[Opening DATASET EXCERPT section]
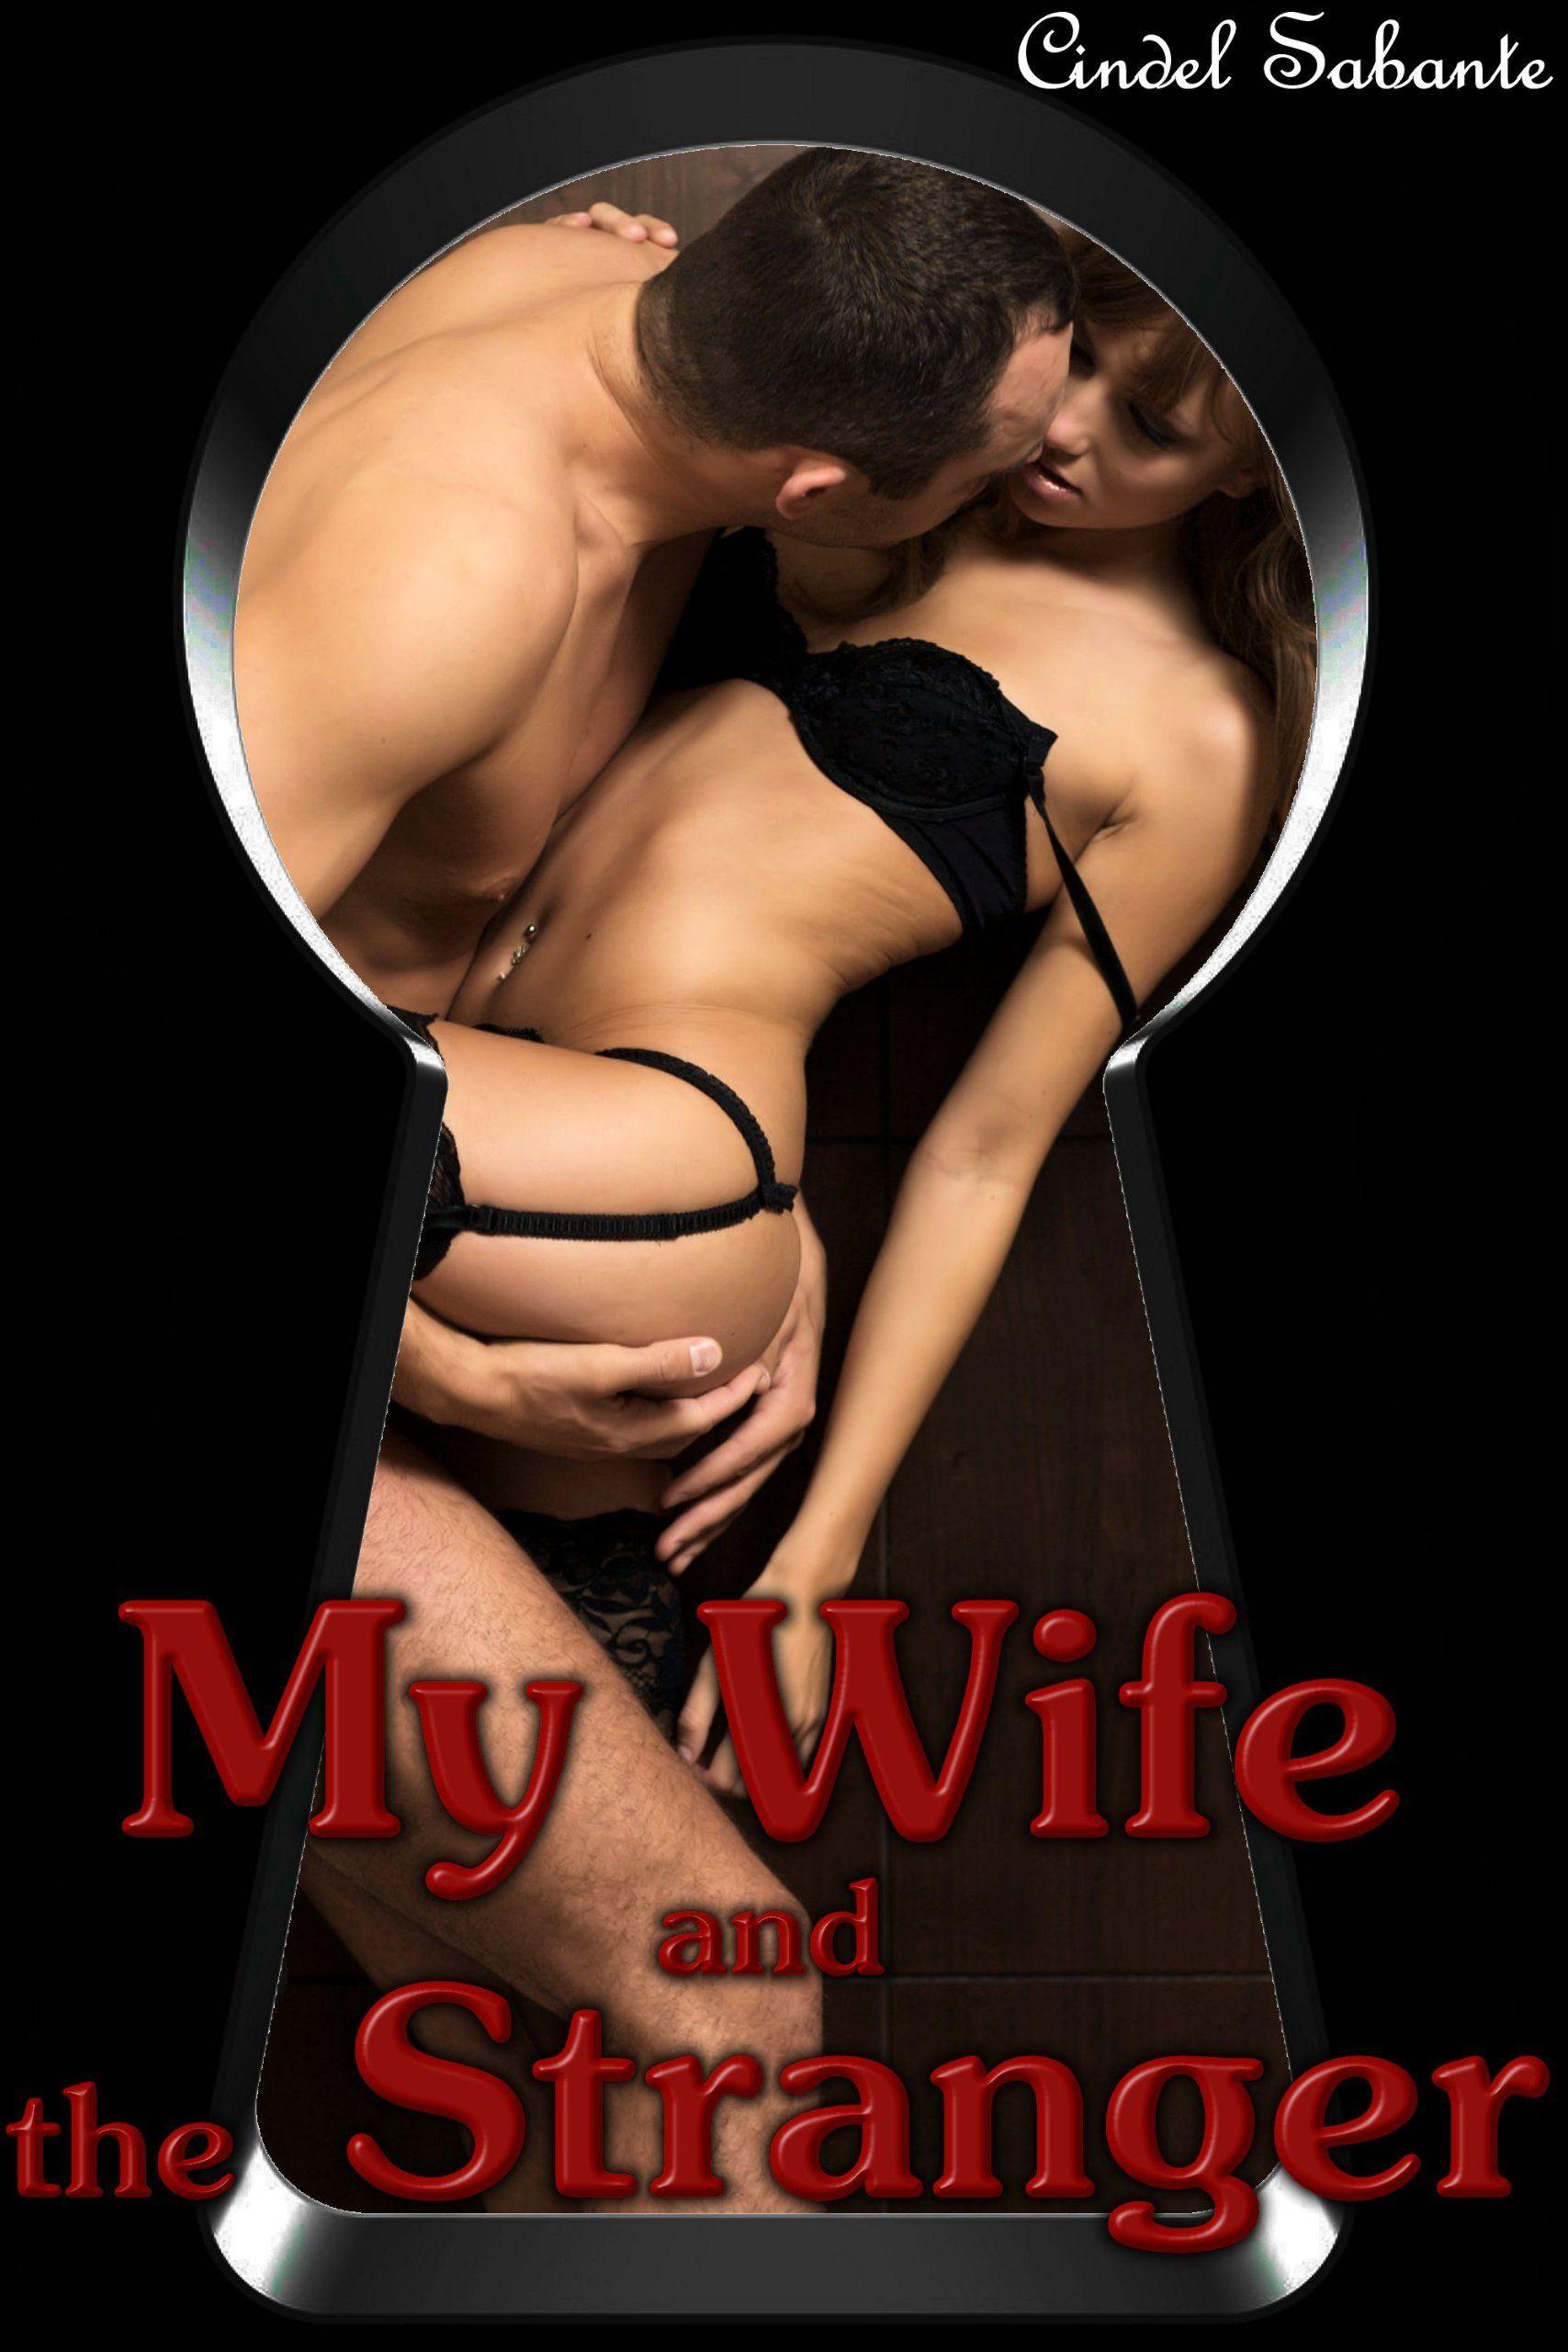 Femdom husband fiction
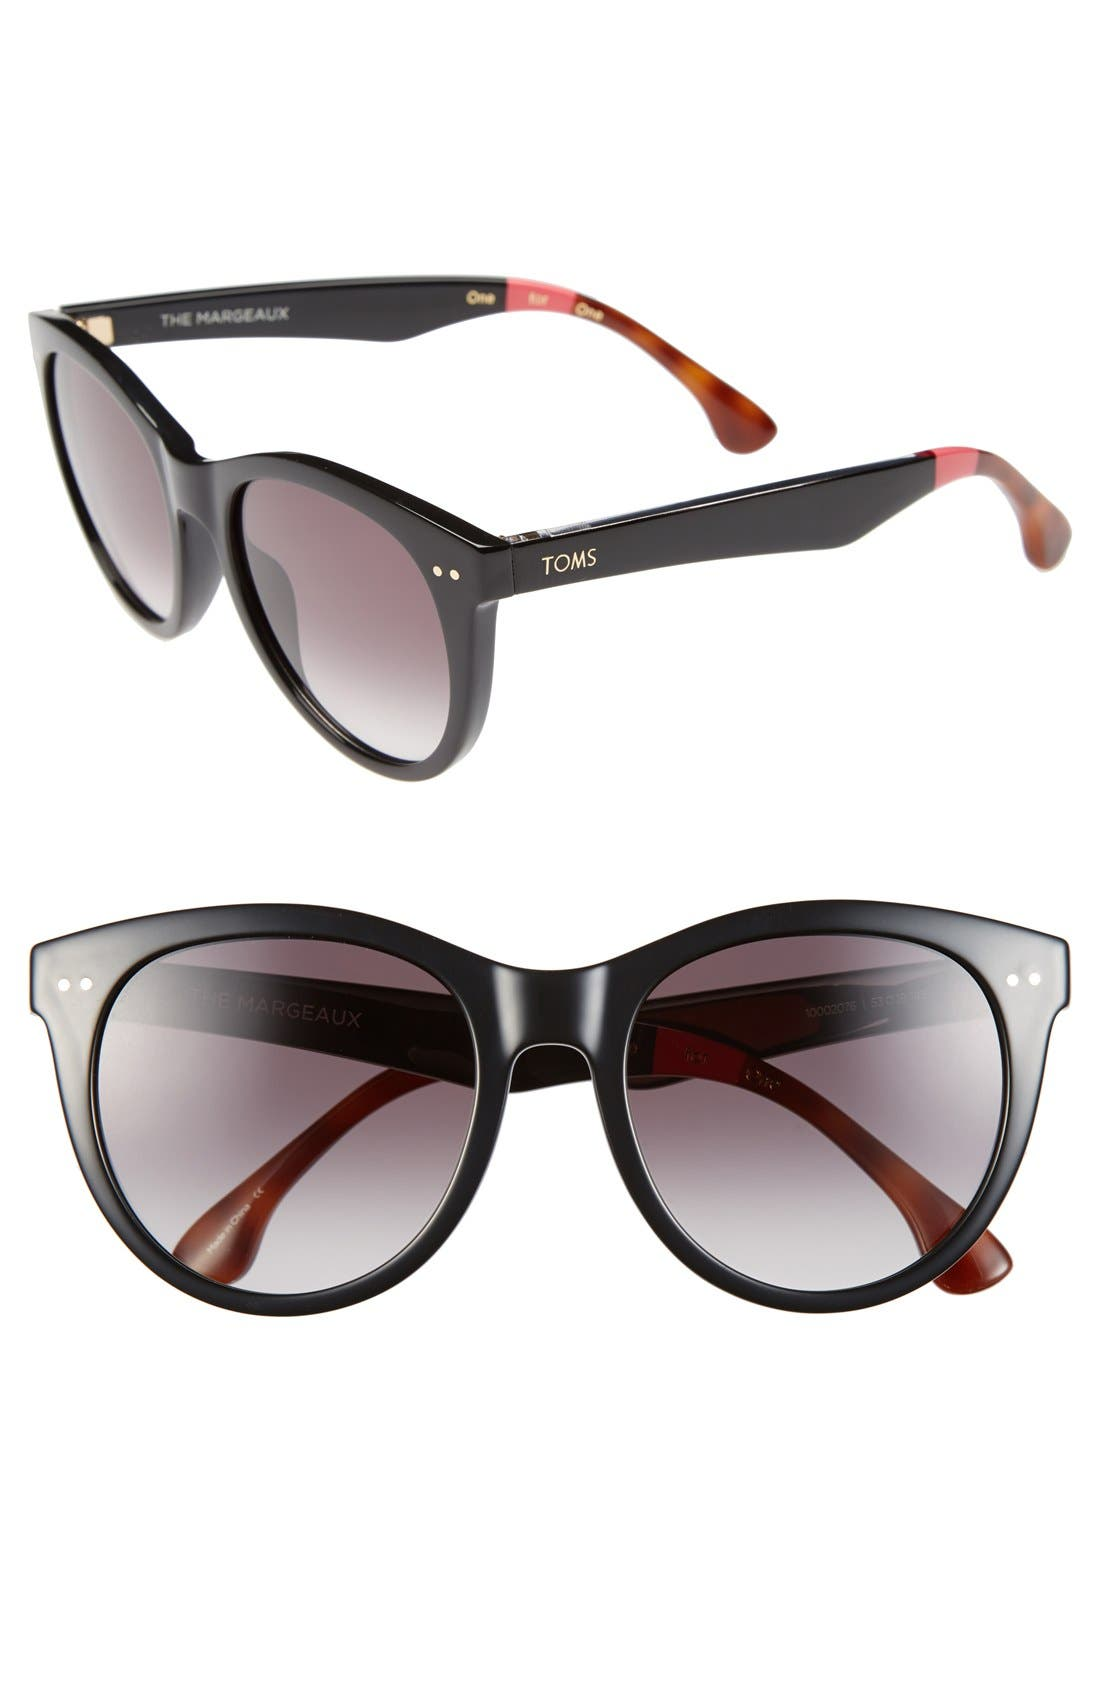 Main Image - TOMS 'Margeaux' 53mm Sunglasses
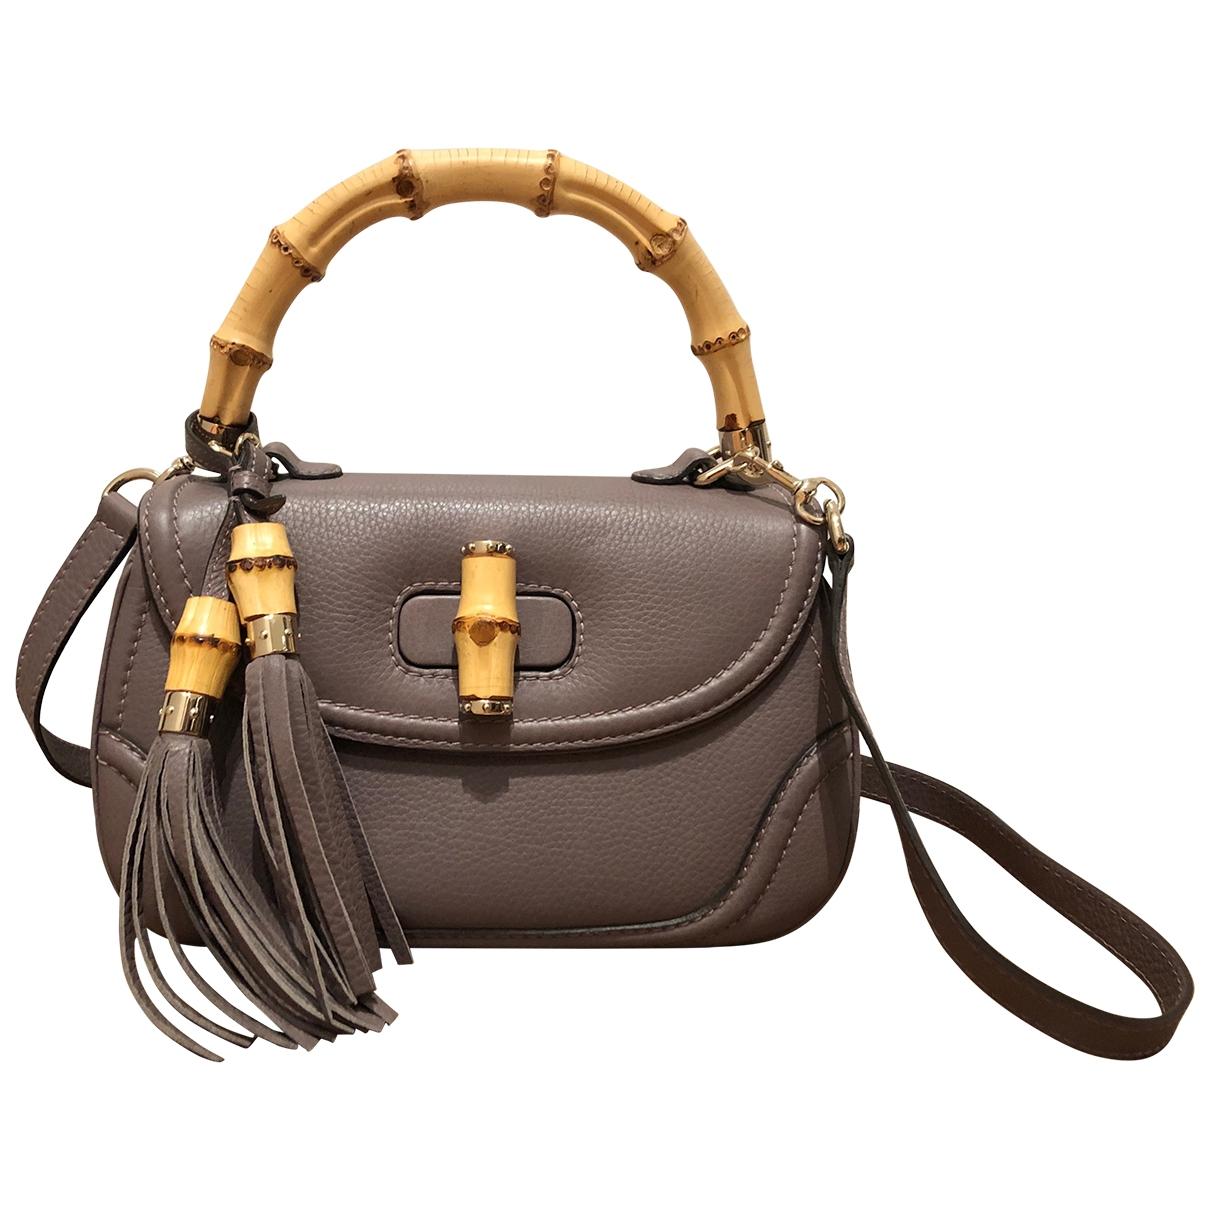 Gucci Bamboo Handtasche in Leder
[Closing DATASET EXCERPT section]
Restate word for word the lines from the one containing "Main Image - TOMS 'Margeaux' 53mm Sunglasses" through the end of the material above, both included, and nothing besides; drop the pictures.

▶ [EXERCISE SOLUTION]:
 Main Image - TOMS 'Margeaux' 53mm Sunglasses
 Gucci Bamboo Handtasche in Leder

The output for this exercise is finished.